Experimental Investigation of the Dynamic Loads in a Ball Bearing Turbocharger

[+] Author and Article Information
Benjamin Conley

School of Mechanical Engineering,
Purdue University,
West Lafayette, IN 47907
e-mail: conley39@purdue.edu

Farshid Sadeghi

Cummins Distinguished Professor of Mechanical Engineering,
School of Mechanical Engineering,
Purdue University,
West Lafayette, IN 47907
e-mail: sadeghi@purdue.edu

Robert C. Griffith

Turbocharging Systems-Component Engineering COE,
Caterpillar Inc.,
Mossville, IL 61552
e-mail: Griffith_Robert_C@cat.com

Jeffrey W. McCormack

Air Systems-Large Power Systems Division,
Caterpillar Inc.,
Lafayette, IN 47905
e-mail: McCormack_Jeffrey_W@cat.com

Contributed by the Tribology Division of ASME for publication in the Journal of Tribology. Manuscript received April 16, 2019; final manuscript received July 9, 2019; published online August 2, 2019. Assoc. Editor: Wenzhong Wang.

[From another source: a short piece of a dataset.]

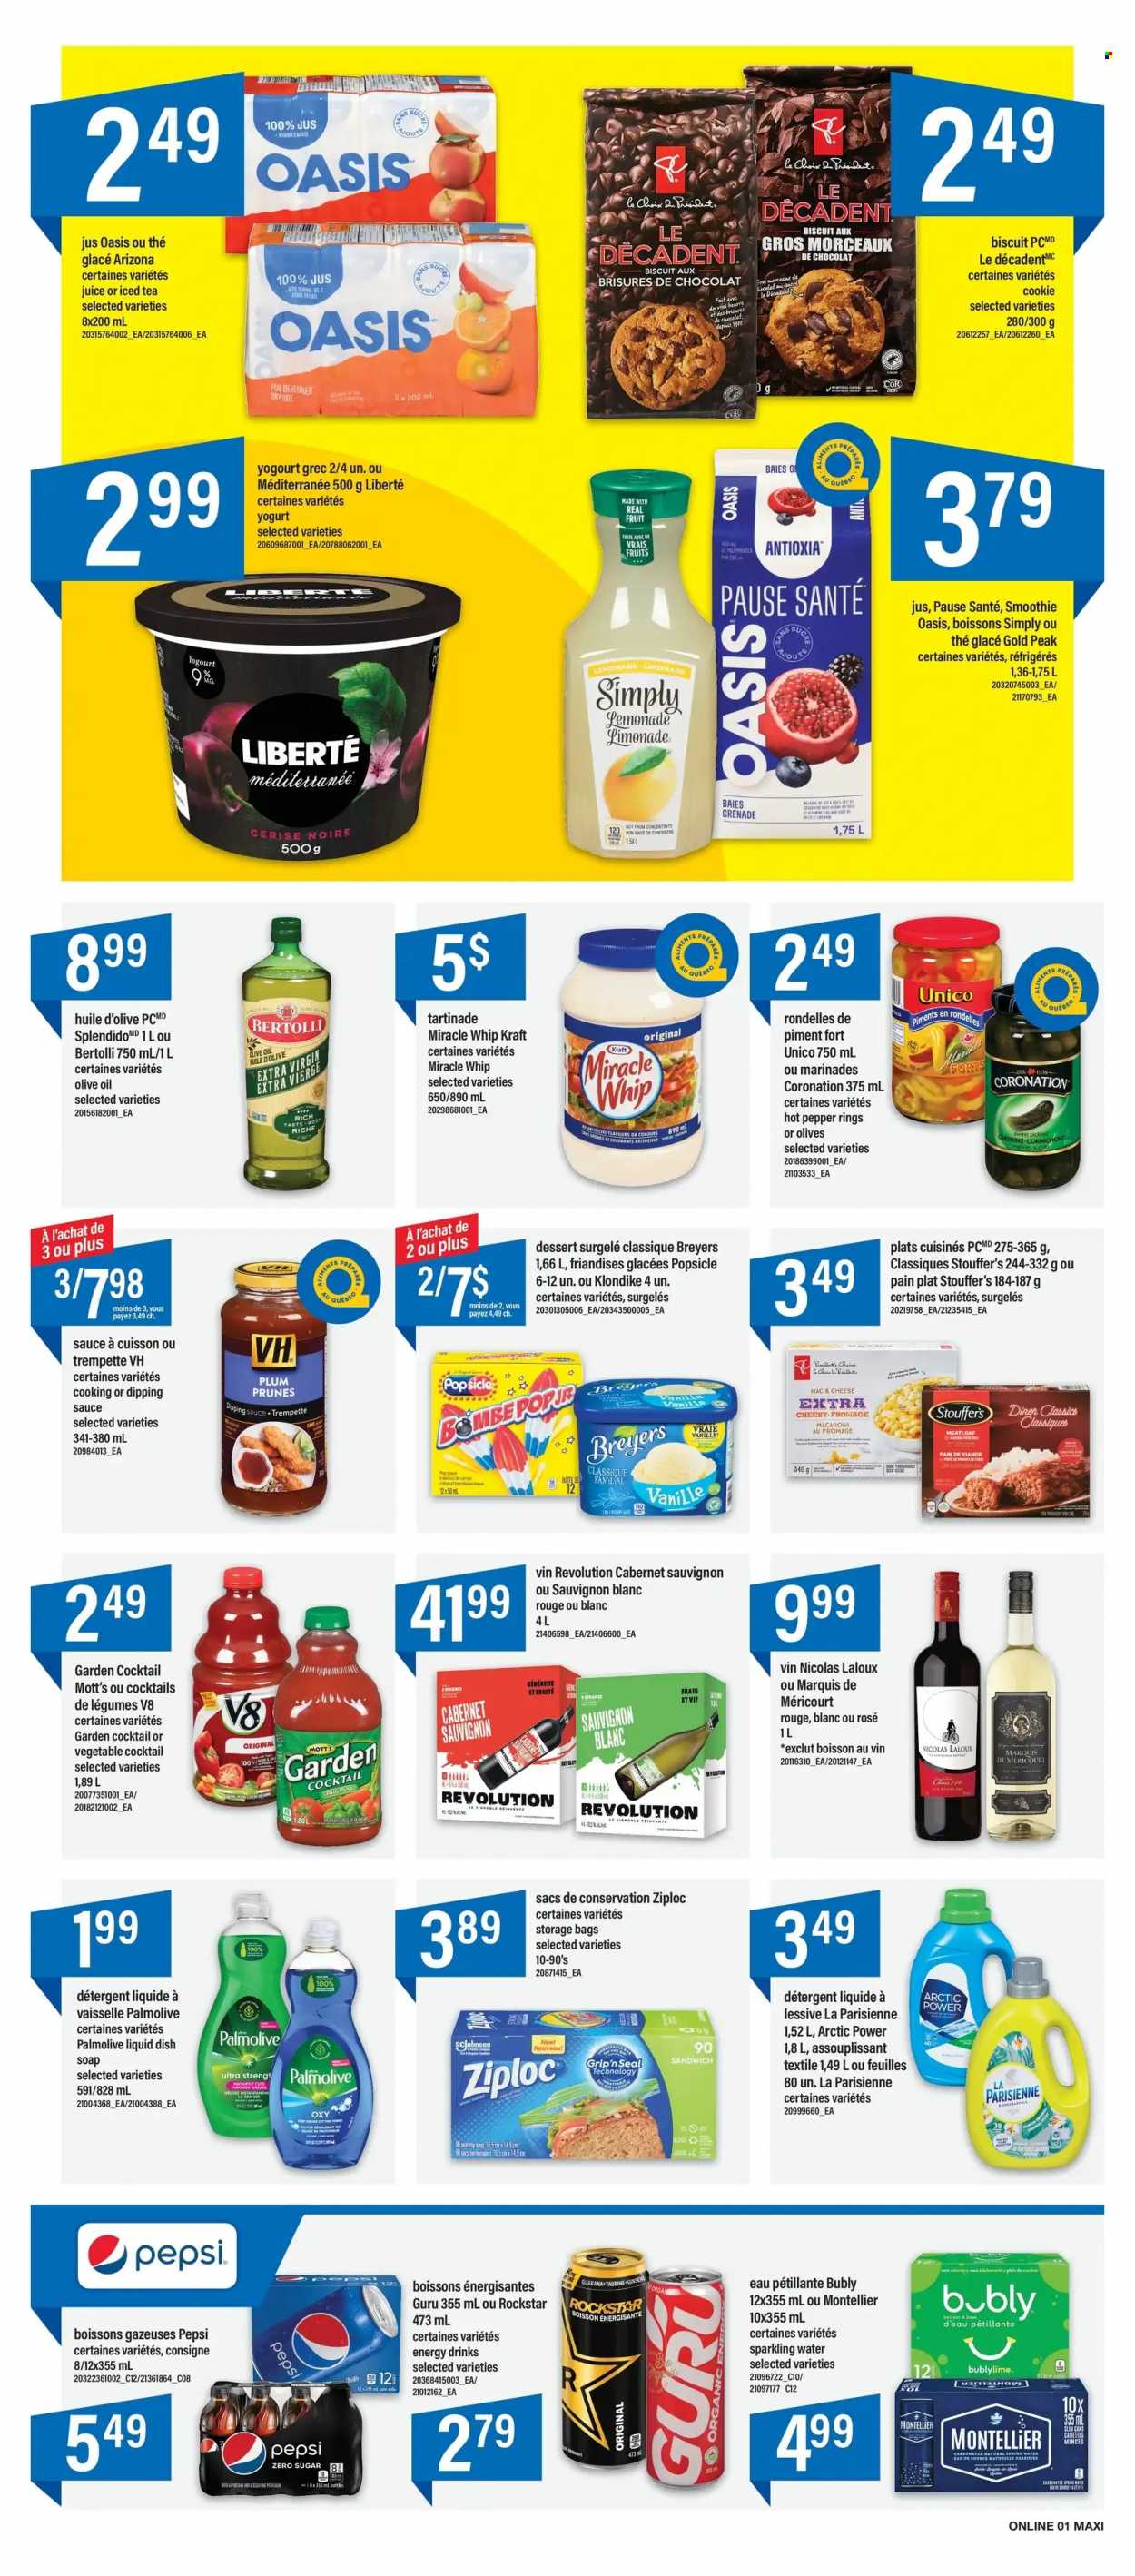 thumbnail - Maxi & Cie Flyer - May 12, 2022 - May 18, 2022 - Sales products - Mott's, sandwich, macaroni, sauce, meatloaf, Kraft®, Bertolli, yoghurt, Miracle Whip, Stouffer's, biscuit, pepper, extra virgin olive oil, olive oil, oil, prunes, dried fruit, lemonade, Pepsi, juice, energy drink, ice tea, AriZona, Rockstar, smoothie, sparkling water, Cabernet Sauvignon, white wine, Sauvignon Blanc, rosé wine, Palmolive, soap, bag, Ziploc, detergent, olives, oranges. Page 7.

J. Tribol 141(11), (Aug 02, 2019) (9 pages) Paper No: TRIB-19-1172; doi: 10.1115/1.4044296 History: Received April 16, 2019; Accepted July 12, 2019

The objectives of this investigation were to design and develop an experimental turbocharger test rig (TTR) to measure the shaft whirl of the rotating assembly and the axial and frictional loads experienced by the bearings. The TTR contains a ball bearing turbocharger (TC) that was instrumented and operated under various test conditions up to 55,000 rpm. In order to measure the thrust loads on the compressor and turbine sides, customized sensors were integrated into the TC housing. The anti-rotation (AR) pin that normally prevents the bearing cartridge from rotating was replaced with a custom-made load cell adapter system. This sensor was used to measure the frictional losses in the bearing cartridge without altering the operation of the TC. Proximity sensors (probes) were also installed in the compressor housing to monitor shaft whirl. Axial load results indicated that the compressor side bears most of the thrust load. As the backpressure or the speed of the TC was increased, the thrust load also increased. Frictional measurements from the AR pin sensor demonstrated low power losses in the ball bearing cartridge. For certain shaft speed ranges, the data from the sensors illustrated periodic trends in response to the subsynchronous whirl of the shaft.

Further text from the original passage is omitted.